The short answer is that, in the context of the nation’s metropolitan newspapers, journalism is on life support. Newspapers are no longer reliable sources of information. They are, too often, vehicles to push the political and commercial views of their owners.

The Murdoch newspapers have been running a political campaign against the current Federal Government that should be an embarrassment to everyone who works for the organisation and considers themselves journalists.

It doesn’t matter whether you want the Government to lose this weekend’s election or not. What matters is that these publications are filled with propaganda when they have an ethical obligation to present balanced news and verified information. Goebbels would be proud of them, but as a consumer I’m repulsed.

This kind of distorted presentation of “news” extends beyond politics. There are few sectors where the content of newspapers is more misleading than in the coverage of real estate.

Again, Murdoch papers are the most culpable. For several years I wrote real estate columns twice a year for The Australian. Eventually I quit. Often my views were censored by the newspaper because they were deemed to be contrary to its commercial interests and political policies.

Companies who had commercial arrangements with the newspaper could not be shown in an unfavourable light. Politicians from certain political parties could not be criticised. Firms ripping off consumers could not be exposed if they were advertisers.

The editorial staff employed by these publications operate under similar restrictions. By definition, they are no longer journalists.

For these and other reasons, I advise consumers at seminars, webinars and home shows that the first rule of effective real estate research is to stop reading newspapers. The real estate content of metropolitan papers is mostly a regurgitation of press releases from individuals and organisations pushing views in which they have a vested interest.

Every time I speak at an event, most questions from the floor are based on misinformation. I’m alarmed at how many people have their heads full of negative, sensationalist nonsense. Often their beliefs are quite opposite to the facts, as revealed by genuine research.

The level of misinformation has reached alarming proportions. It’s a serious issue because it prevents people from making quality investment decisions – decisions that put hundreds of thousands of dollars at risk.

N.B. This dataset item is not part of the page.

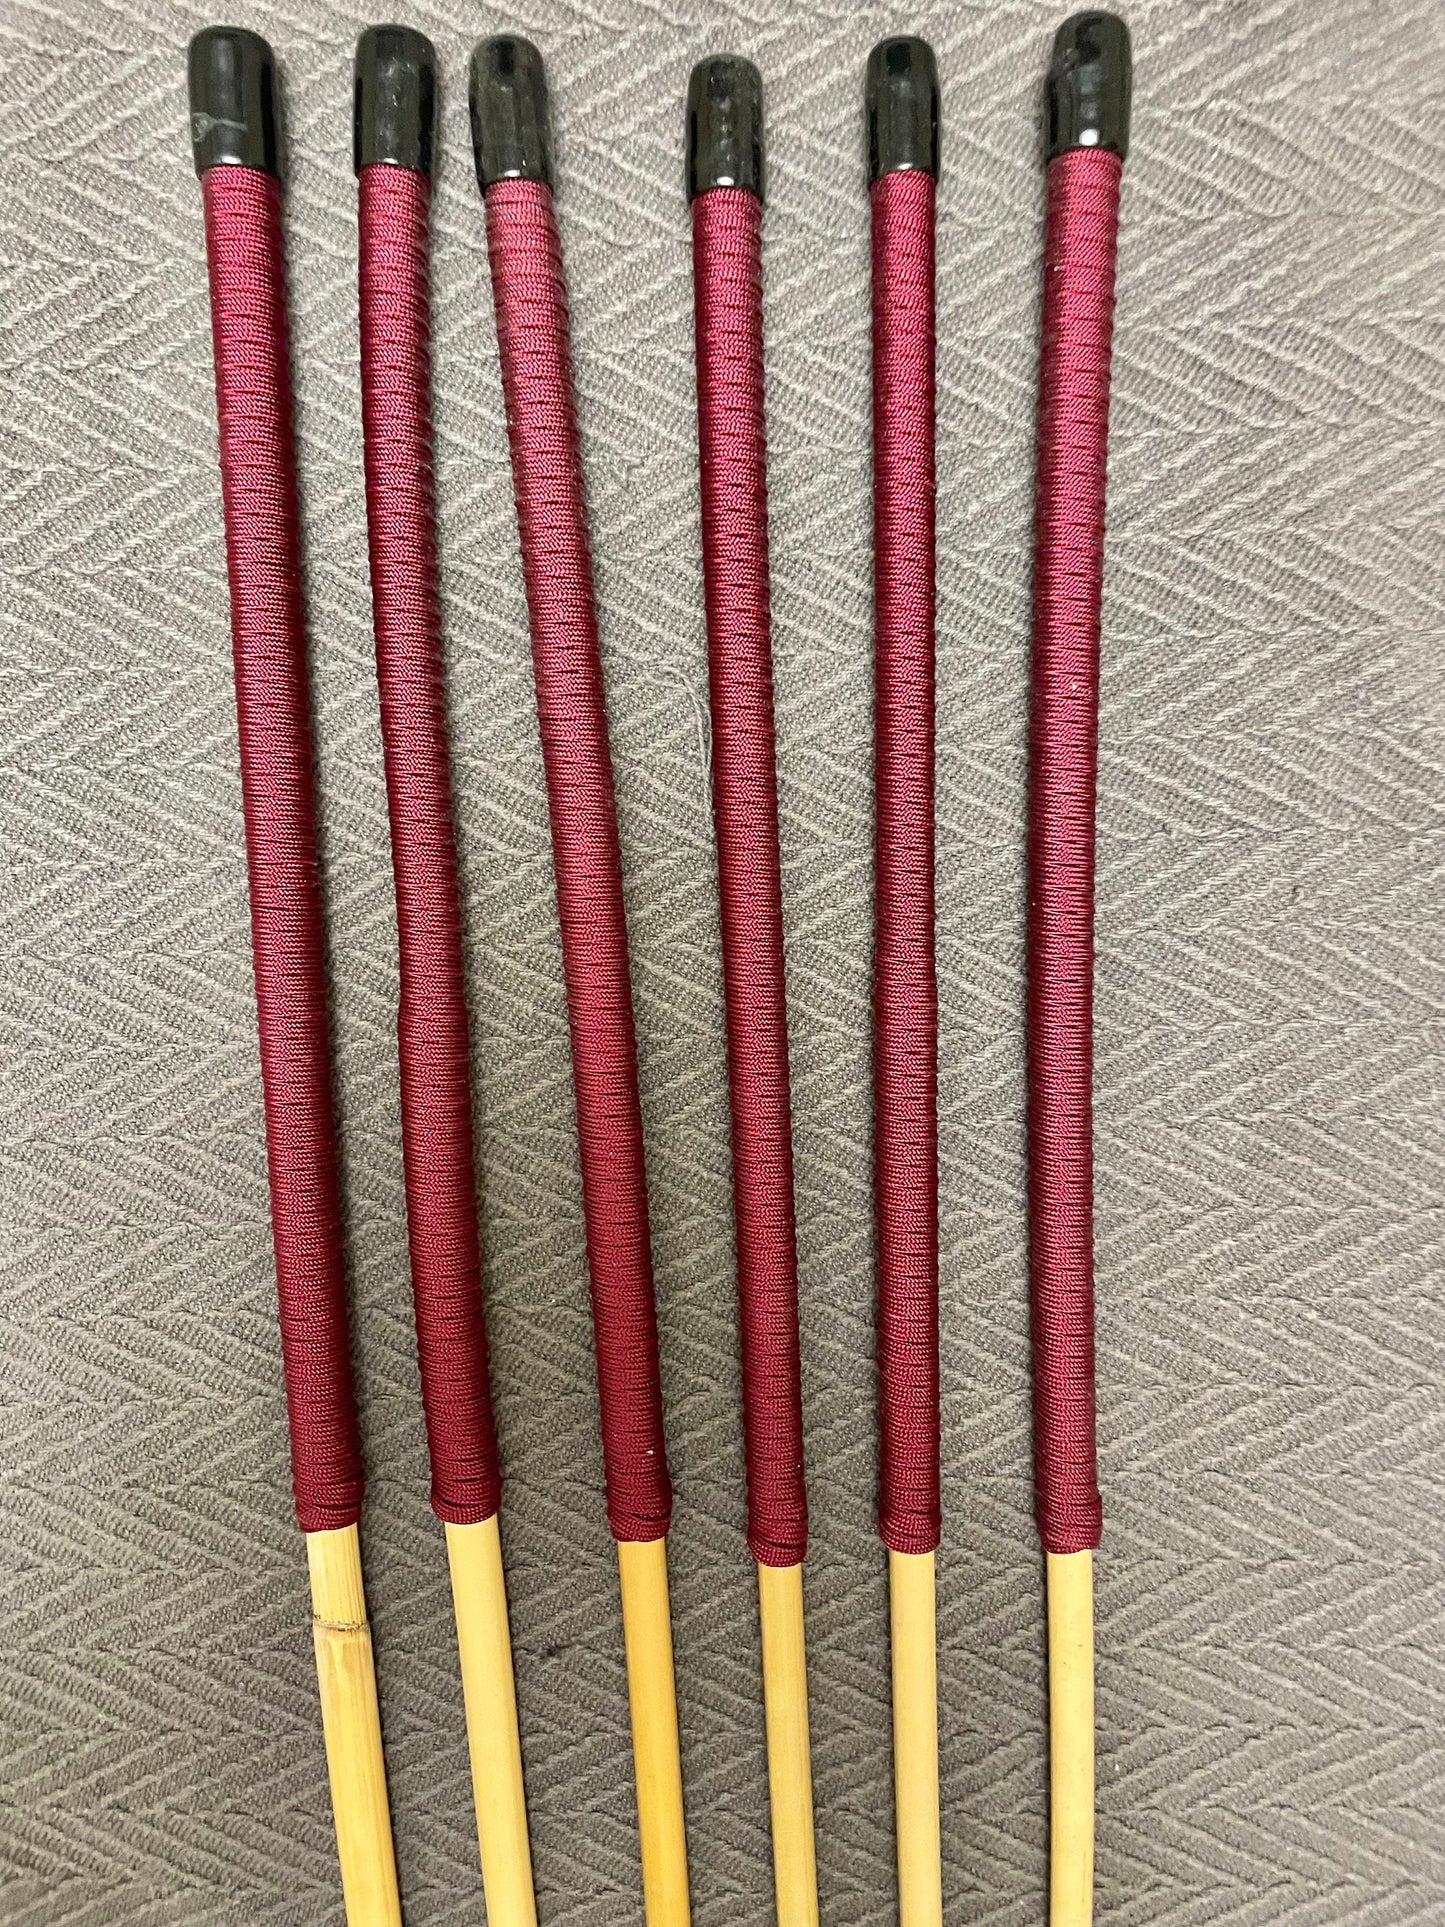 Set of 6 Classic Dragon Rattan Punishment Canes / School Canes  with Burgundy  Paracord Handles

The unrelenting stream of media talk about the so-called affordability crisis, the claim that we have the most expensive dwellings on the planet and hysteria about an impending collapse in property values is a prime example.

We’re told regularly that prices have risen unreasonably and that housing is beyond the reach of first-home buyers.

The ABS data shows how wrong that notion is. So, too, does the latest Affordability Index from the Commonwealth Bank and the Housing Industry Association.

The index shows we have had ten consecutive quarters of improving affordability. Over the past 2-3 years, until the recent recovery, we have had falling prices in our major cities. This, coupled with steadily rising incomes and sharply falling interest rates, means that affordability is the best it’s been any time in the past five years.

The reporting of these facts in newspapers has been muted, to say the least. It sits in stark contrast to the coverage given to an overseas spruiker who seeks to create publicity for a seminar tour or a book launch by claiming our property values will fall 50, 70 or even 90 per cent (an issue I tried to discuss in my column in The Australian but was, once again, censored).

To be informed, and to avoid being misinformed, on real estate or on any topic, consumers must stop reading newspapers and start using the many good sources available via the Internet.